Giornata di pulizie sulle spiagge del lungolago: «Segnale di speranza in vista dell’estate»

Giornata ecologica e di grandi pulizie sui circa 12 chilometri di spiagge a Torri del Benaco.

Ieri il gruppo Alpini di Torri, guidato da Demis Battistella, in collaborazione con l’amministrazione comunale del sindaco, Stefano Nicotra, ha messo in atto una giornata ecologica per la pulizia delle spiagge. «Muniti di mascherine, di guanti e anche di pinze per raccogliere i rifiuti», ha spiegato il primo cittadino di Torri, «abbiamo visto che cosa vuol dire darsi da fare per tenere pulito il nostro territorio. Nonostante il Covid 19 abbia toccato pesantemente la nostra comunità che, nelle settimane scorse, era arrivata ad essere purtroppo ai primi posti per numero di contagi a livello provinciale, tante persone del Gruppo Alpini hanno voluto dare una segnale di speranza in vista della ripartenza e della stagione turistica estiva».

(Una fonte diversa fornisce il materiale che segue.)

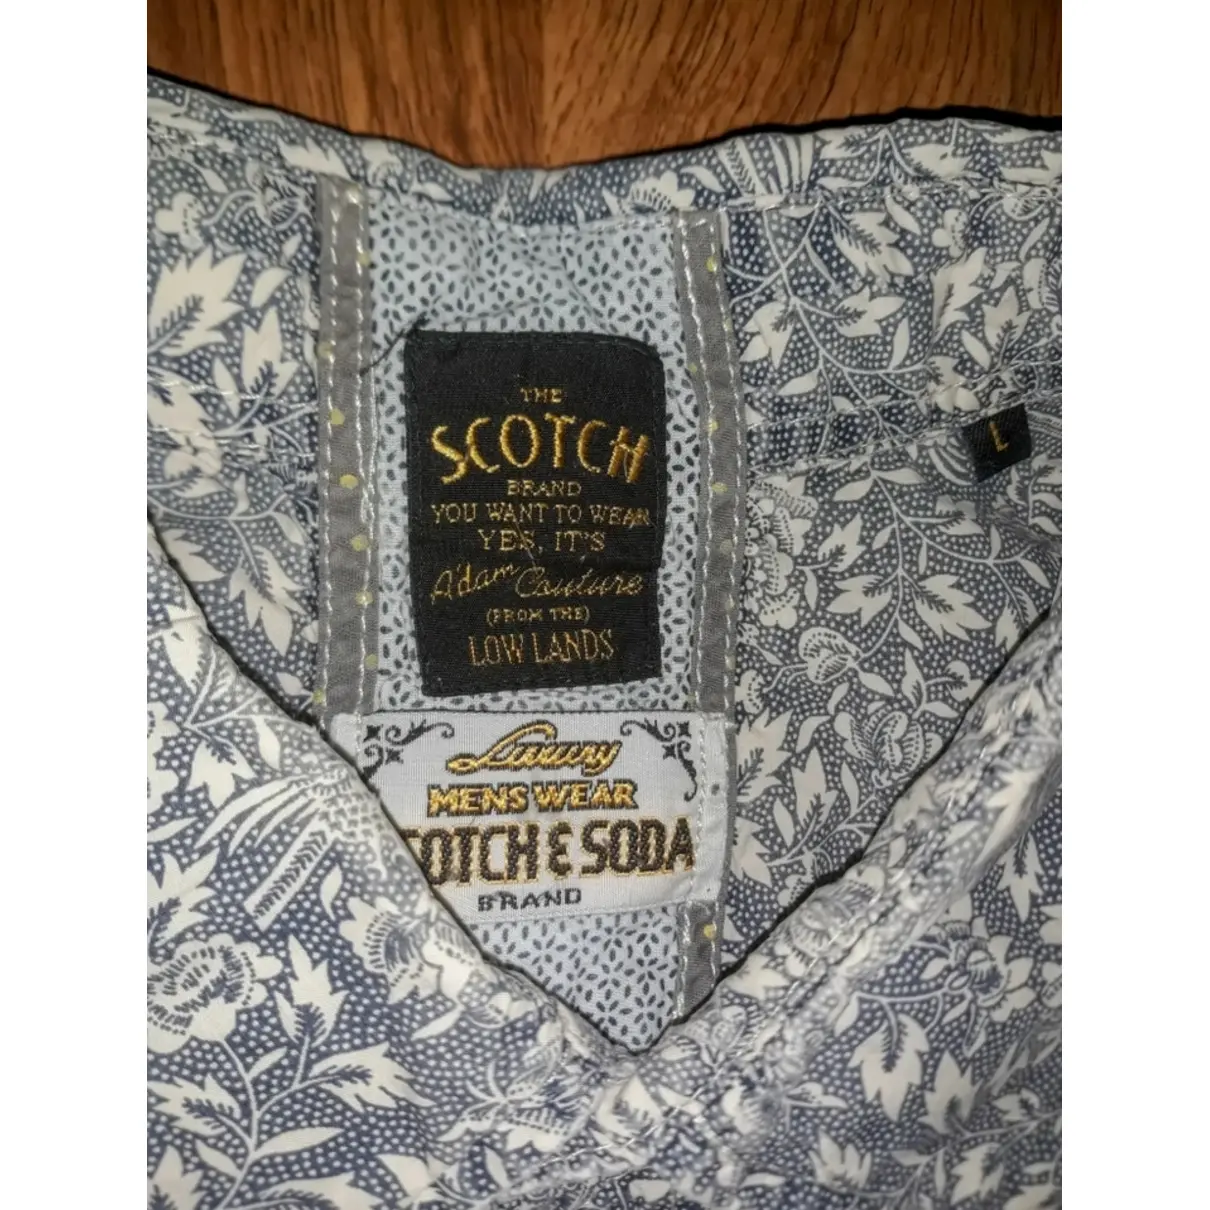 Buy Scotch & Soda Shirt online
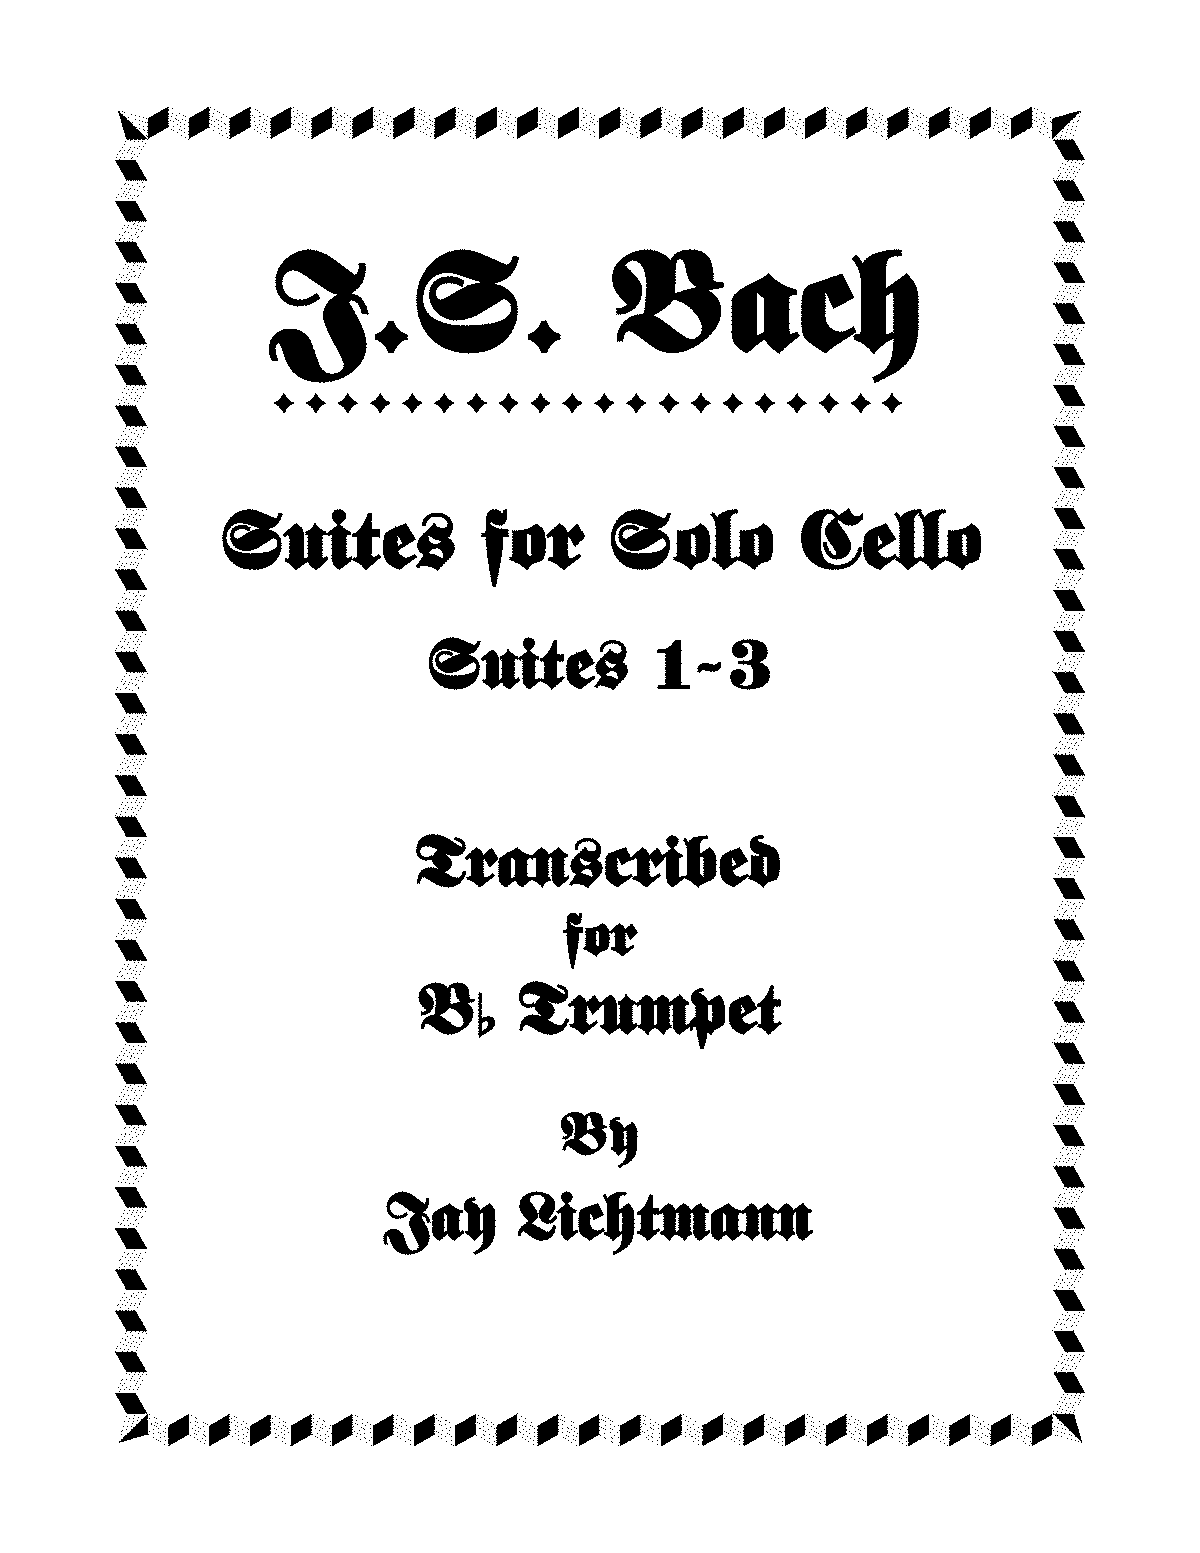 bach cello suite 2 guitar pdf lesson

Insomma: pulire le spiagge per prepararle idealmente per la stagione più bella dell’anno è anche stato «un modo per esorcizzare il maledetto Covid», ha proseguito Nicotra. I 24 volontari sono stati suddivisi a gruppetti di sole due persone che, dalle 7.30 alle 12 di sabato, hanno perlustrato le spiagge dal confine a nord con Castelletto fino a località Acque Fredde, a sud di Torri, quasi al confine con Garda. «In tutto», ha aggiunto Nicotra, «sono stati raccolti 5 cassonetti interi delle Api che sono state utilizzate e, inoltre, abbiamo riempito anche un intero modulo di rifiuti ingombranti. Per questa bellissima iniziativa che, ogni anno, gli Alpini mettono in atto, non posso che ringraziare il Gruppo di Torri ma anche la Serit che, con attenzione verso il territorio, ha messo a disposizione vari materiali necessari alla bonifica delle spiagge, e poi ha anche contribuito a portare via tutti i rifiuti accumulatisi».

Ma cosa è stato trovato e portato via da questi novelli «scavengers» torresani? «Le solite cose, purtroppo», ha chiuso Nicotra, «e cioè sedie di plastica, pezzi di legno trasportati dal lago, sacchi neri contenenti erba sfalciata, pezzi di plastica rotti, perfino mascherine chirurgiche abbandonate sulla passeggiata e sul lungolago oltre a fazzoletti di carta, bottiglie di vetro. Insomma: il solito schifo che i maleducati lasciano in giro anche se ci sono portarifiuti e cassonetti dislocati in varie parti del territorio». Anche il primo cittadino, sabato mattina, era comunque in prima linea a raccogliere rifiuti assieme ad altri quattro tra dipendenti comunali e amici personali. «Ho dato il buon esempio», si limita a confermare, «per fare capire alla gente che, come io tengo al nostro territorio, anche loro dovrebbero fare altrettanto. Siamo un paese turistico, siamo persone civili e come tali, dobbiamo rispettare il lago e le spiagge, oltre all’ambiente in senso generale. Meno male che, annualmente, avvengono giornate come queste, necessarie a risvegliare le coscienze ma, soprattutto, a ripulire il nostro territorio partendo proprio dalle spiagge».